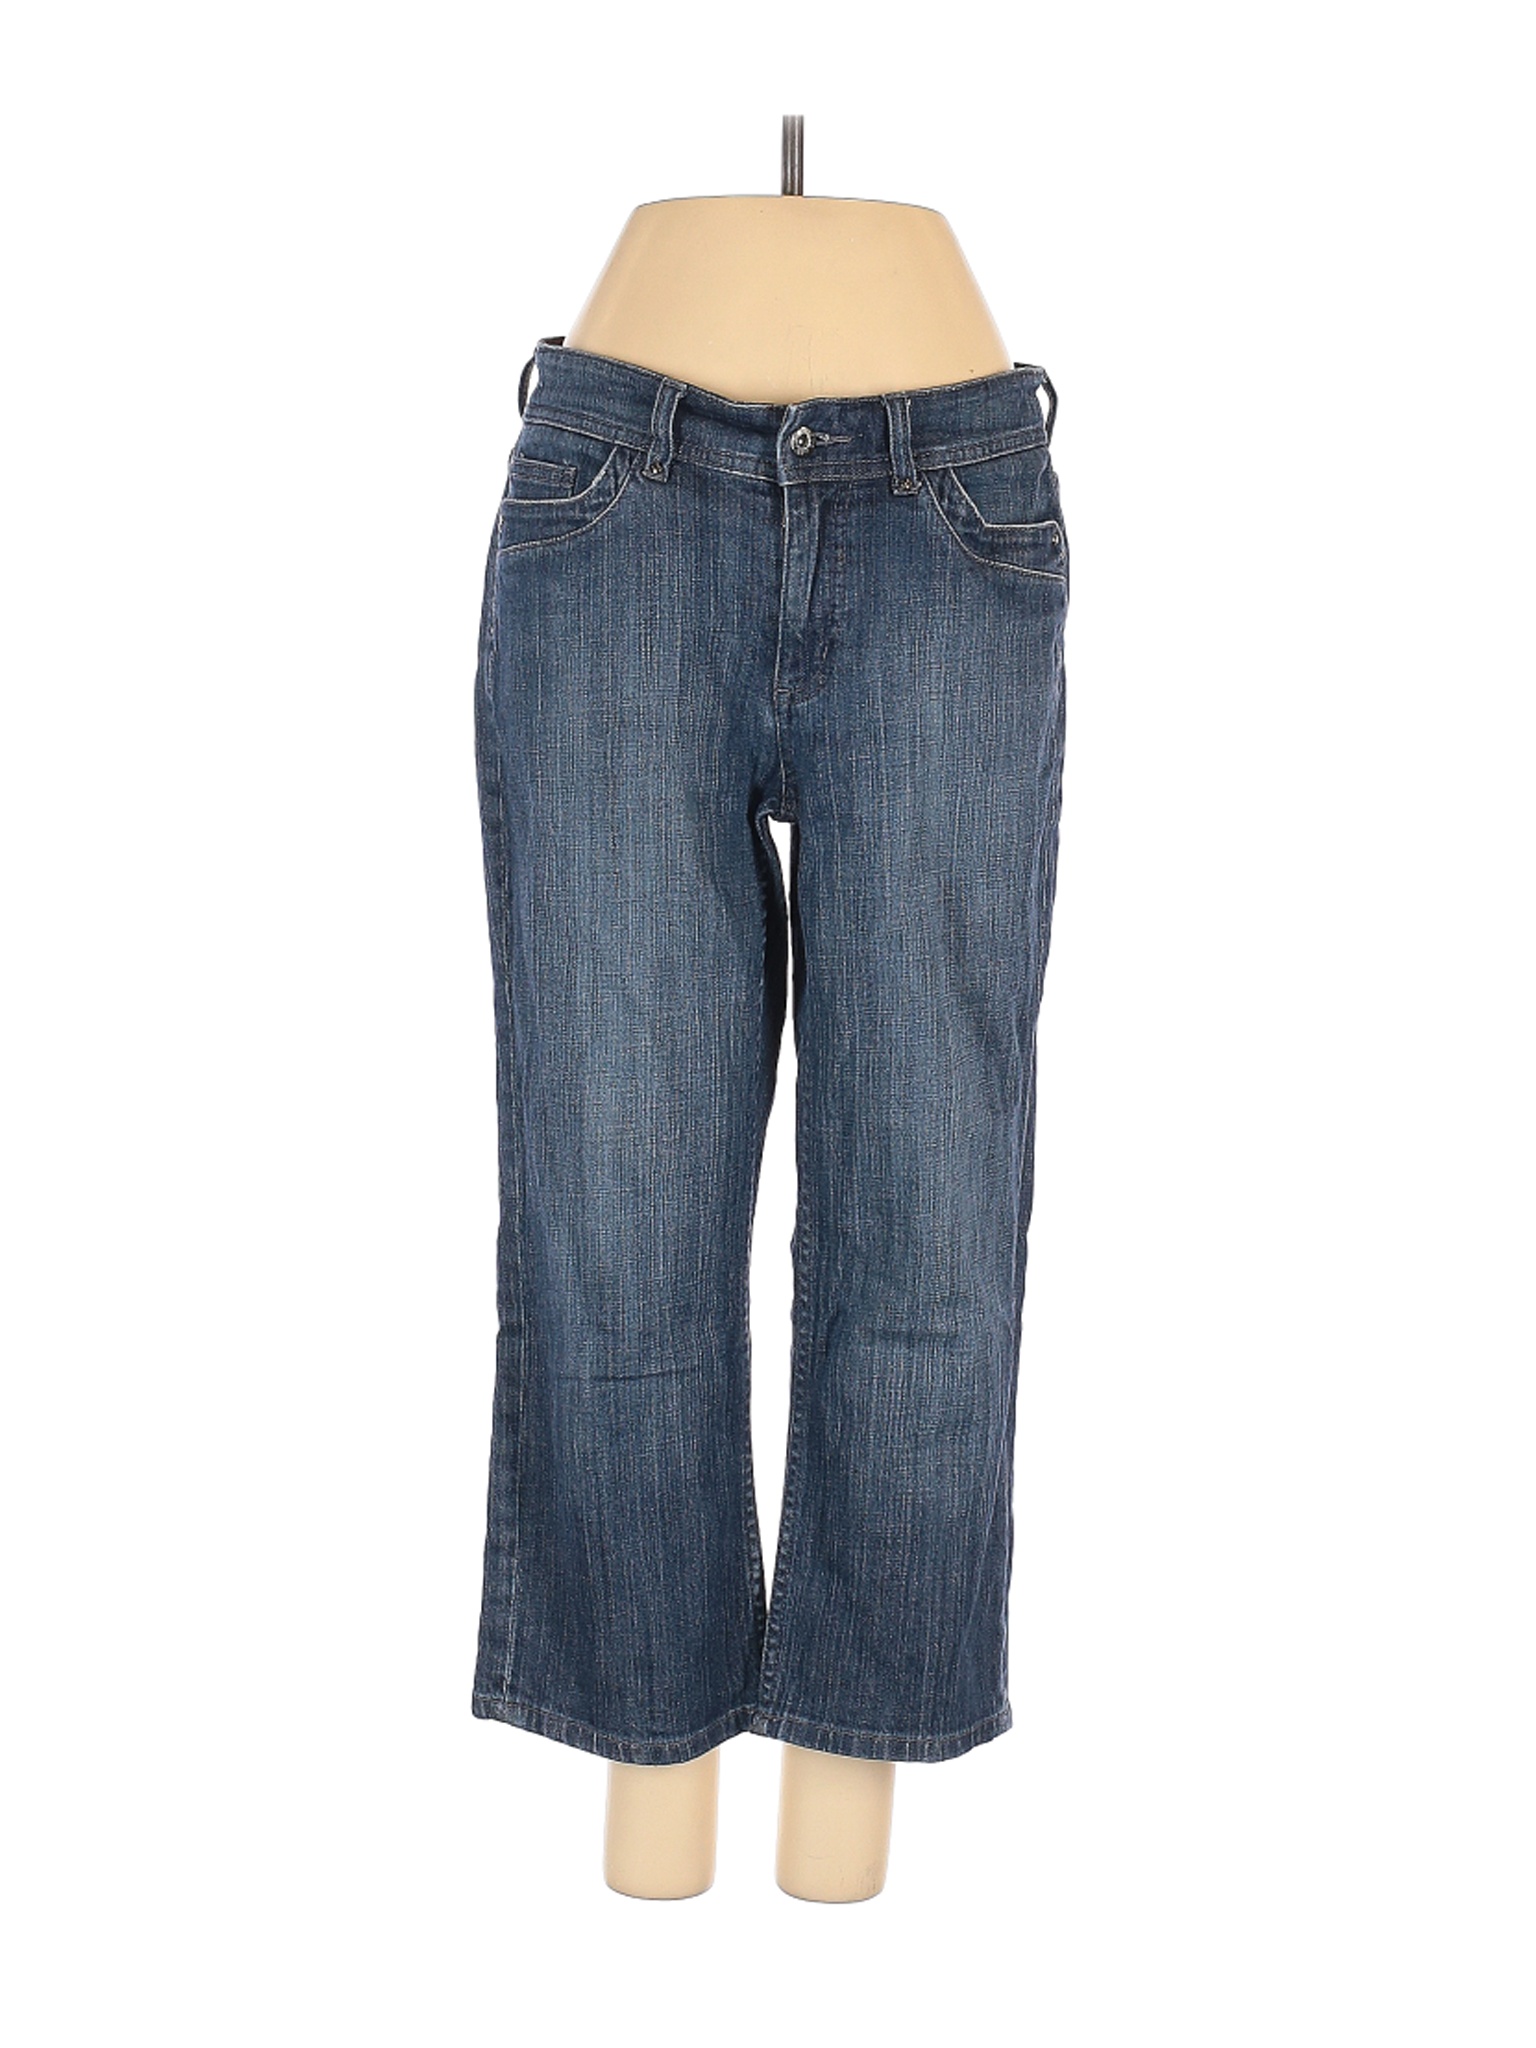 Chico's Women Blue Jeans S | eBay
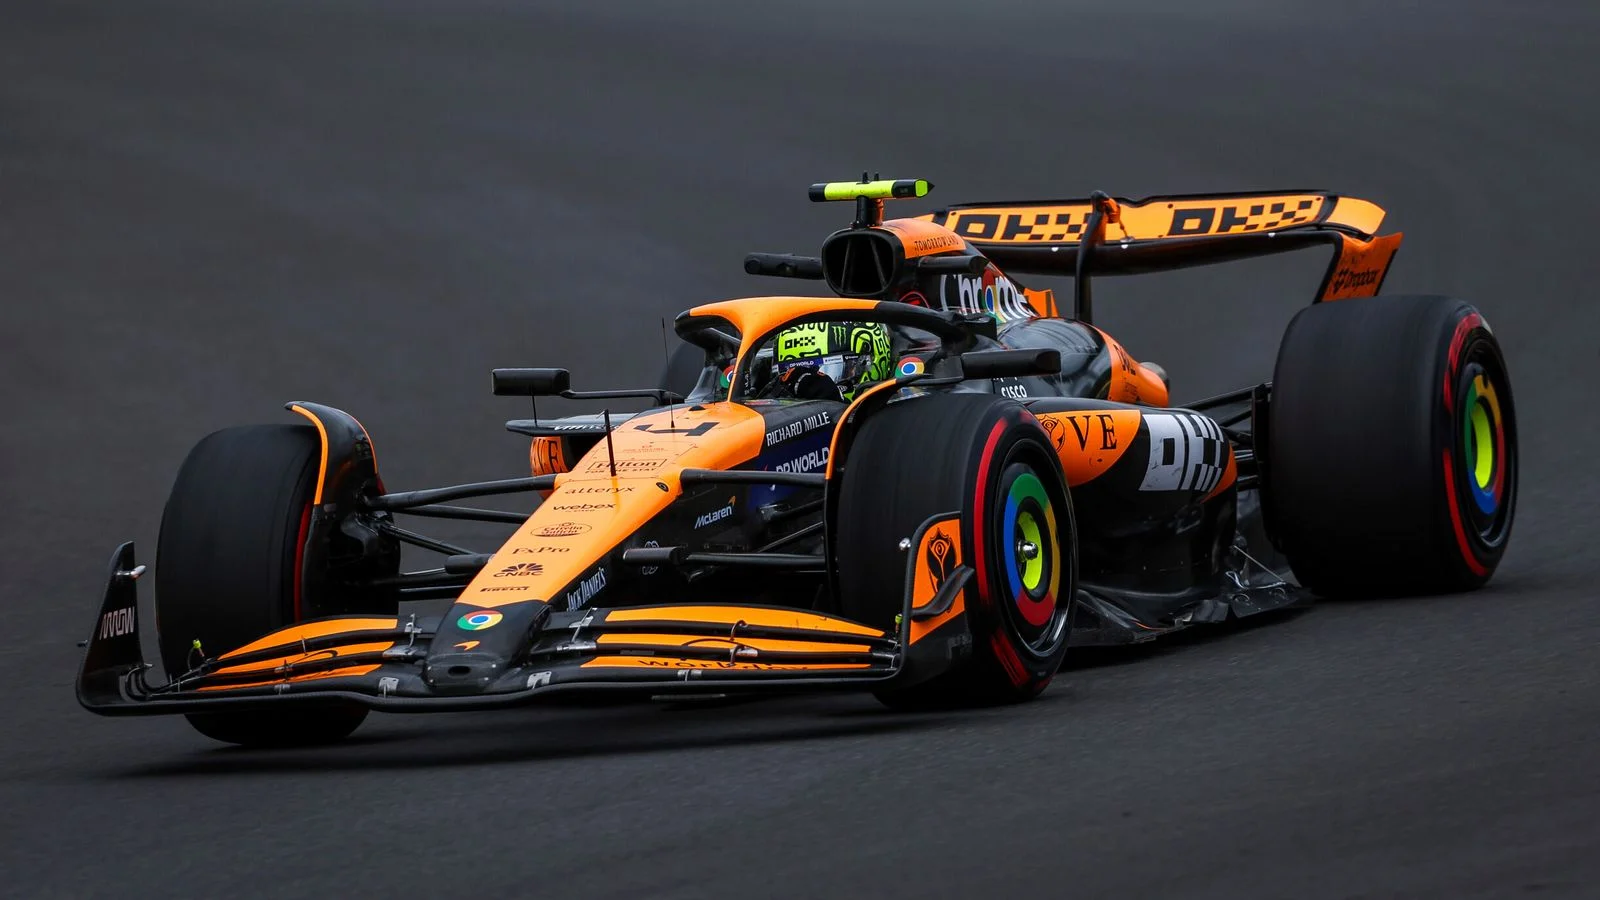 McLaren 1-2 in Belgium second practice session
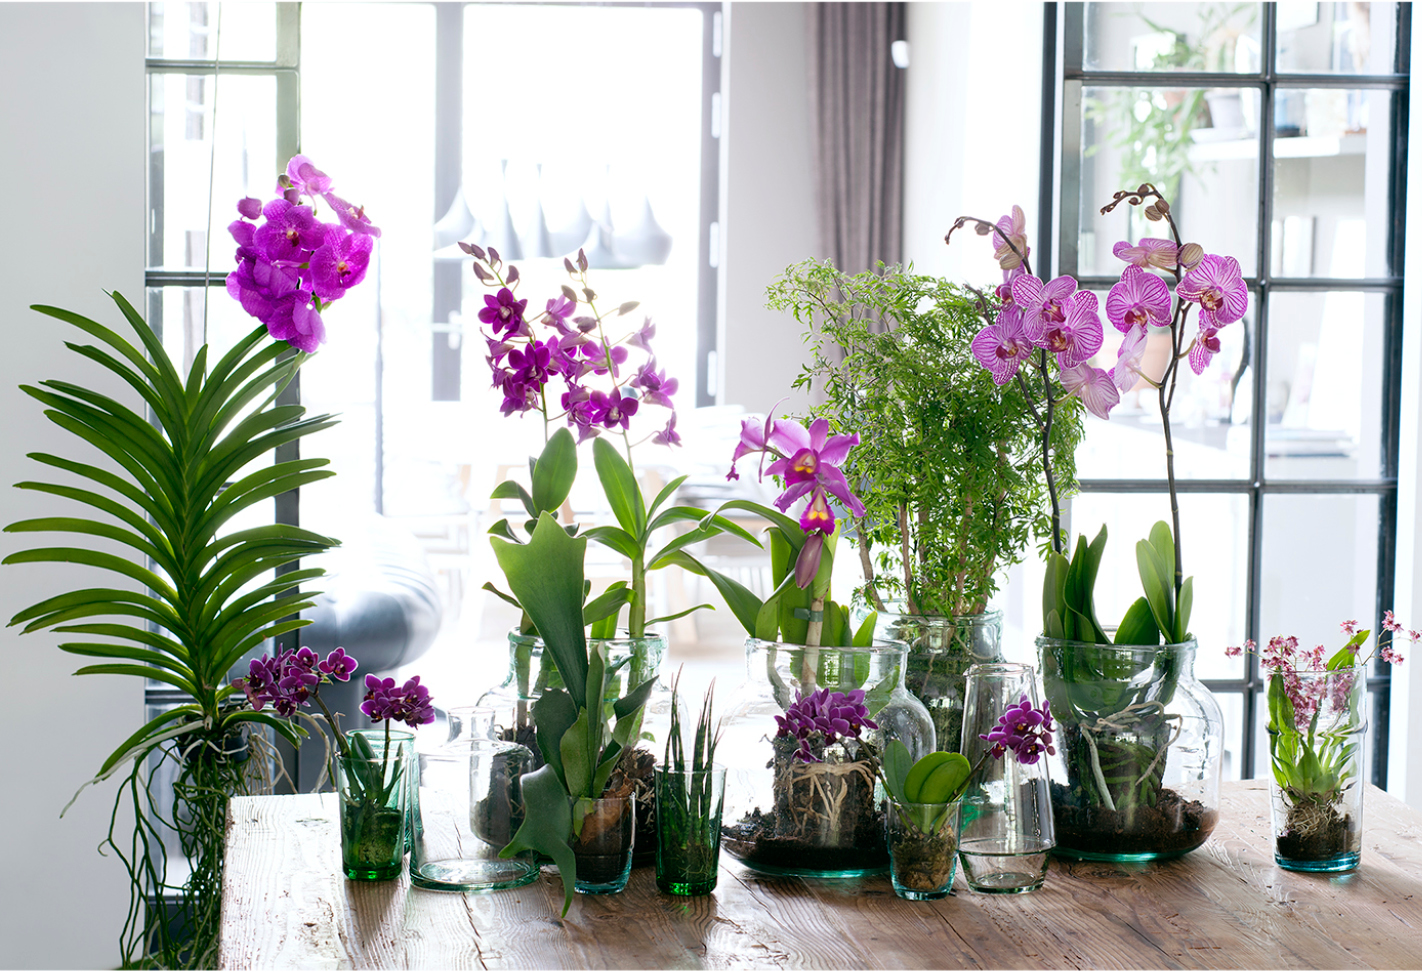 Орхидея и солнце: где лучше всего поставить горшок с цветком

* TASK DETAILS
Please retype all of the material exactly, skipping whatever images it holds.

* REPLY TO THE EXERCISE
 Chico's Women Blue Jeans S | eBay
 McLaren 1-2 in Belgium second practice session
 Орхидея и солнце: где лучше всего поставить горшок с цветком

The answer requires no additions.